Task statement
What you return should be the full listing, copied exactly and stripped of its pictures.

Data section
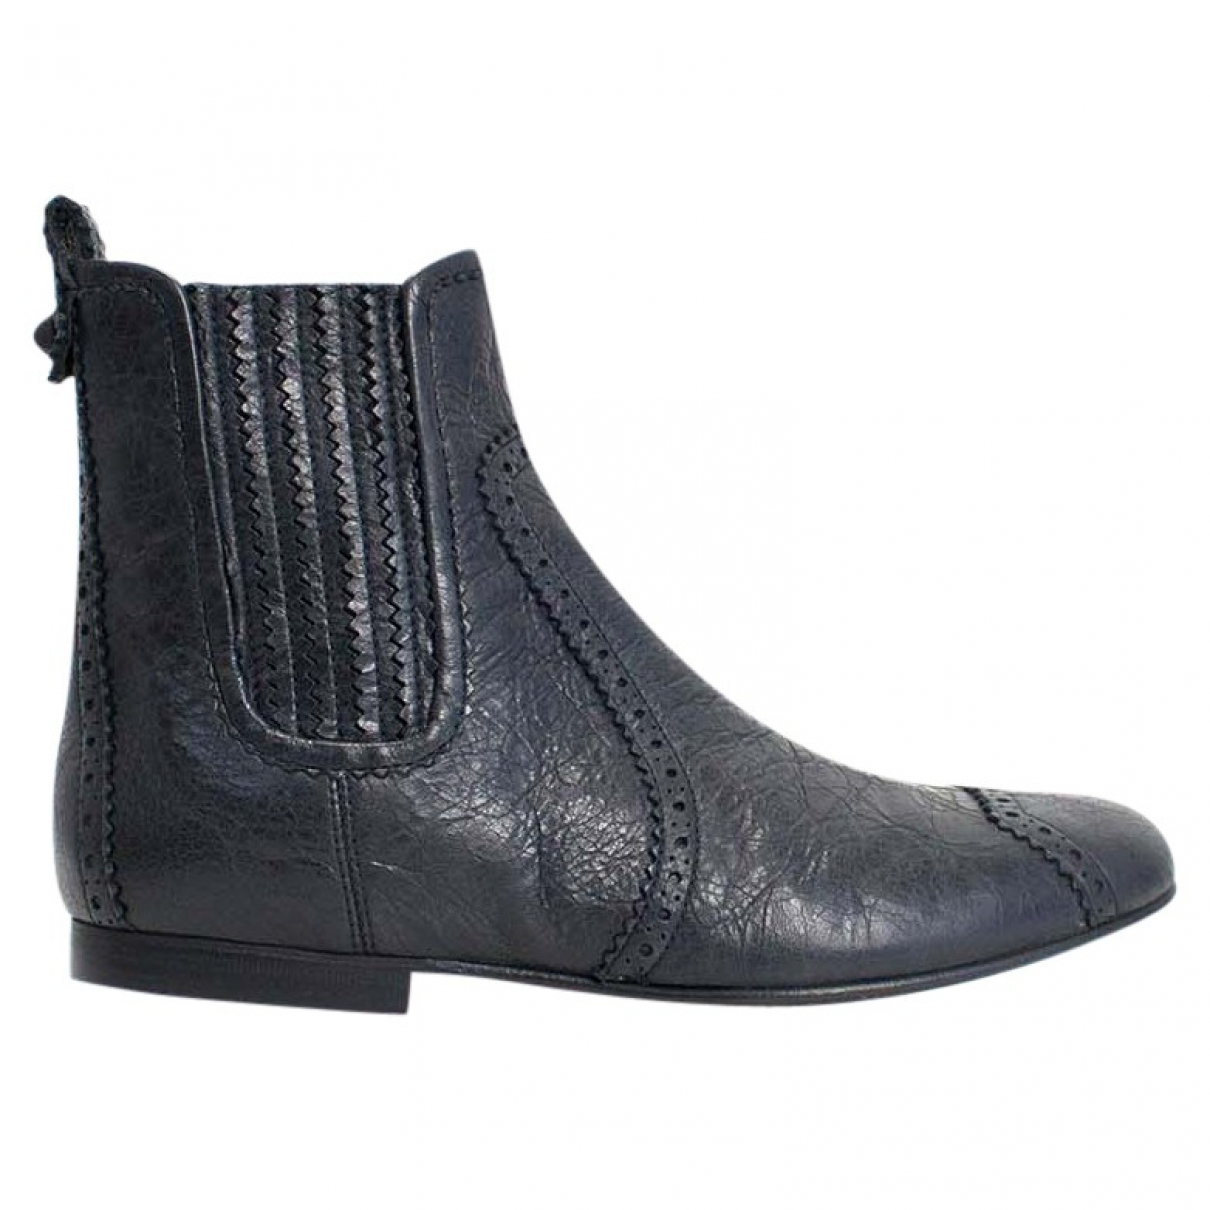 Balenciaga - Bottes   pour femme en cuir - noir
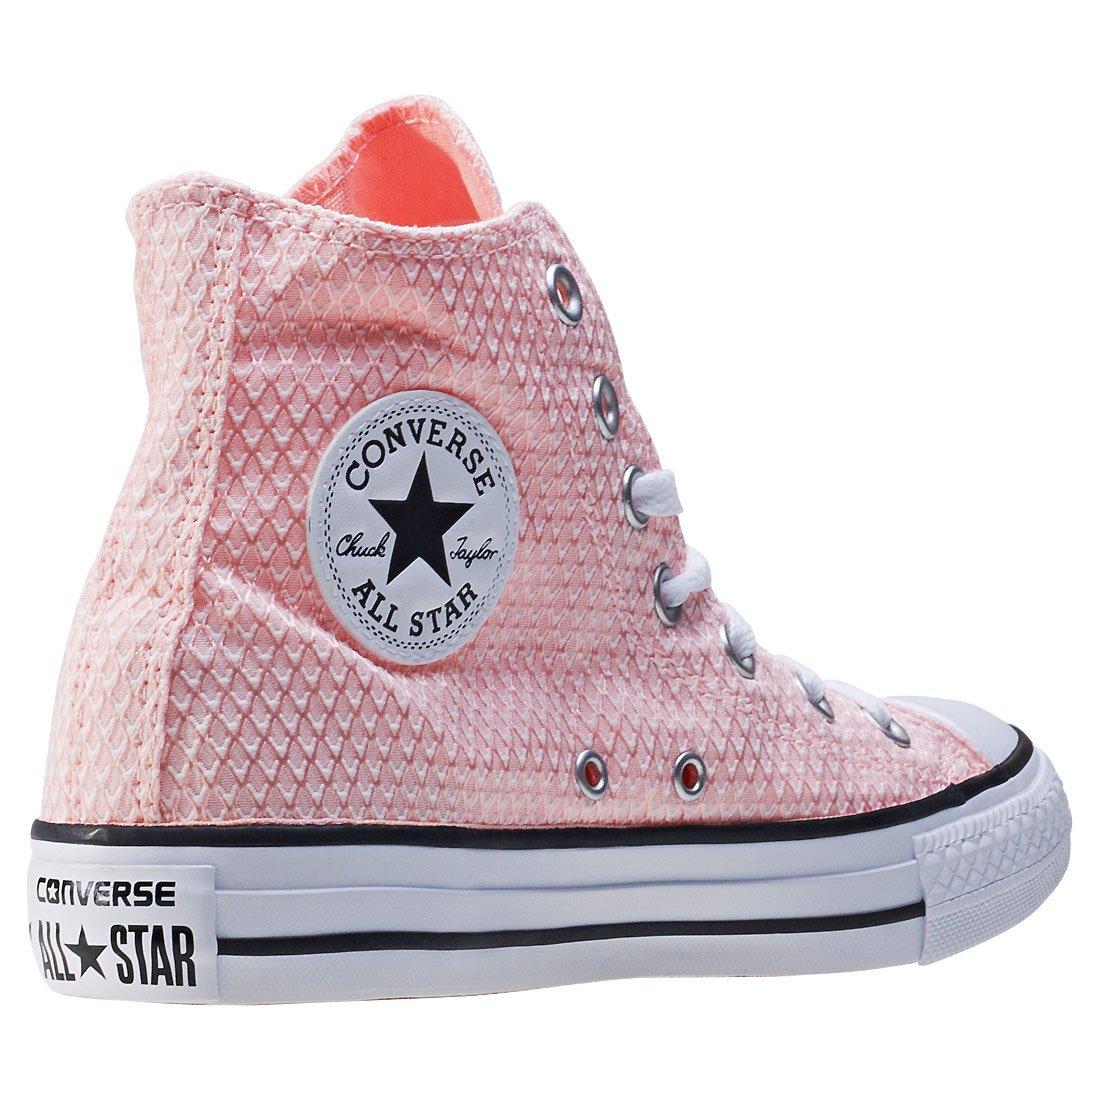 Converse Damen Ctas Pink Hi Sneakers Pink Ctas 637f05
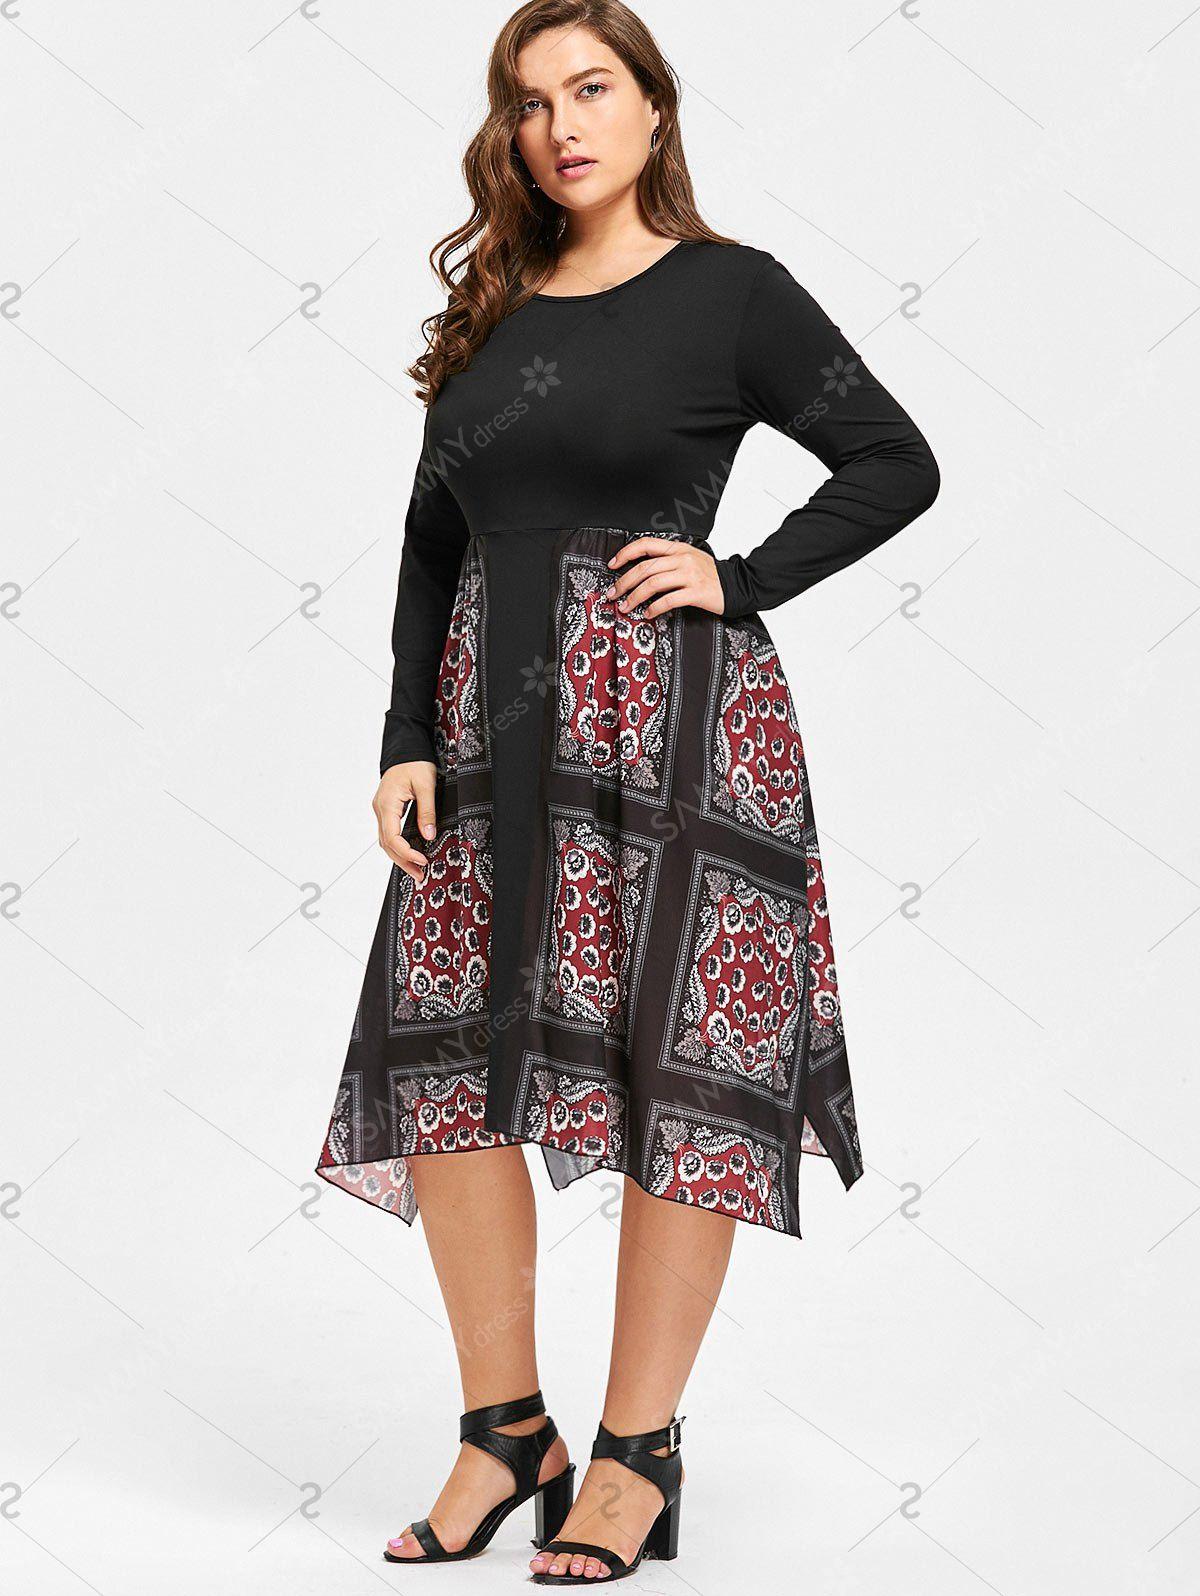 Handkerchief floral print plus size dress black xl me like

Response
 Balenciaga - Bottes   pour femme en cuir - noir
 Converse Damen Ctas Pink Hi Sneakers Pink Ctas 637f05
 Handkerchief floral print plus size dress black xl me like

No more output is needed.